В эти дни, забившись в подвале под теплую, под полную огня, под пылающую изнутри трубу, когда одна половина тела изнемогает от жара, а другая — от холода, ты ворочаешься беспокойно, но потом, смирившись, ложишься клубочком и терпишь, лениво прикрыв глаза, терпишь и сжимаешься; в эти дни, когда ничего не хочется и особенно не хочется куда-то идти, ты все равно идешь, ступая мягкими лапками по холодному снегу, и глядишь в теплые окна, горящие праздничными огоньками, и глядишь на запертый непробиваемый неприступный железный бастион — на железную дверь, смутно знакомую, ведь ты уже забыл, что там за ней, силишься вспомнить и не можешь; надо искать еду, и ты завидуешь сытым собакам, радостно резвящимся на улице вместе с людьми, и боишься этих сытых, пышущих жаром собак, ведь ты слаб и можешь не успеть увернуться от острых зубов и быстрых лап; морозный воздух прожигает твой нос, и усы, покрывшиеся инеем, уже почти ничего не чувствуют.

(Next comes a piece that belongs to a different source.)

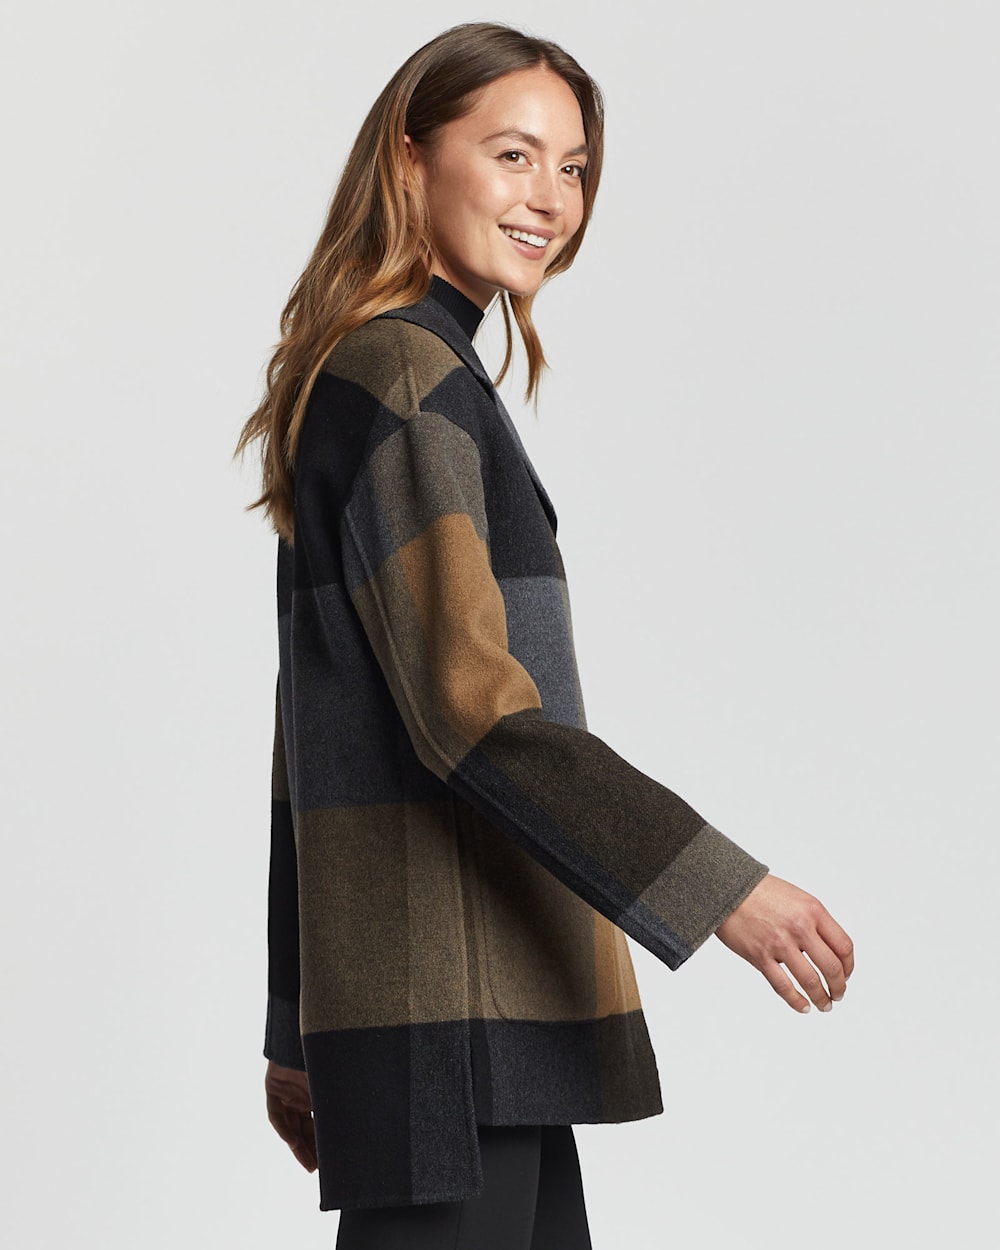 ALTERNATE VIEW OF WOMEN'S FLAGSTAFF WOOL TOPPER COAT IN CHARCOAL/CAMEL PLAID image number 2

Ты готов жевать даже черствую краюху хлеба, и все вы, твои братья и сестры, выживаете только милостью одинокой старушки в шали и толстых заиндевевших очках.
***
Однажды старушка пропала, и вот уже несколько дней коты сидели без еды. Почуяв близкую смерть, Кай покинул это место и отправился в долгое путешествие сквозь пургу. Опустив хвост и голову, он брел во мгле, и снег все равно слепил, попадая в глаза. Только в стучащем сердце еще чувствовалось тепло, но лапы уже стали такими же, как снег, как холодная пурга и как лед. Кай все брел и брел, заглядывая порой в подвалы, останавливаясь там погреться, проваливаясь в беспокойный сон. Он смотрел на спешащих куда-то людей: они укрывали в руках свертки и несли пакеты, откуда пахло — он все еще мог чуять — пахло едой.
Люди были радостные, Кай это чувствовал. Он поднимал голову и смотрел на них. Одна девочка посмотрела в ответ, румяная, в вязаной шапочке. Кай хрипло замяучил и подошел ближе. Но тут появился отец, взял девочку за руку, и они зашагали прочь. Она только один раз еще оглянулась назад, а Кай так и остался сидеть у двери магазина.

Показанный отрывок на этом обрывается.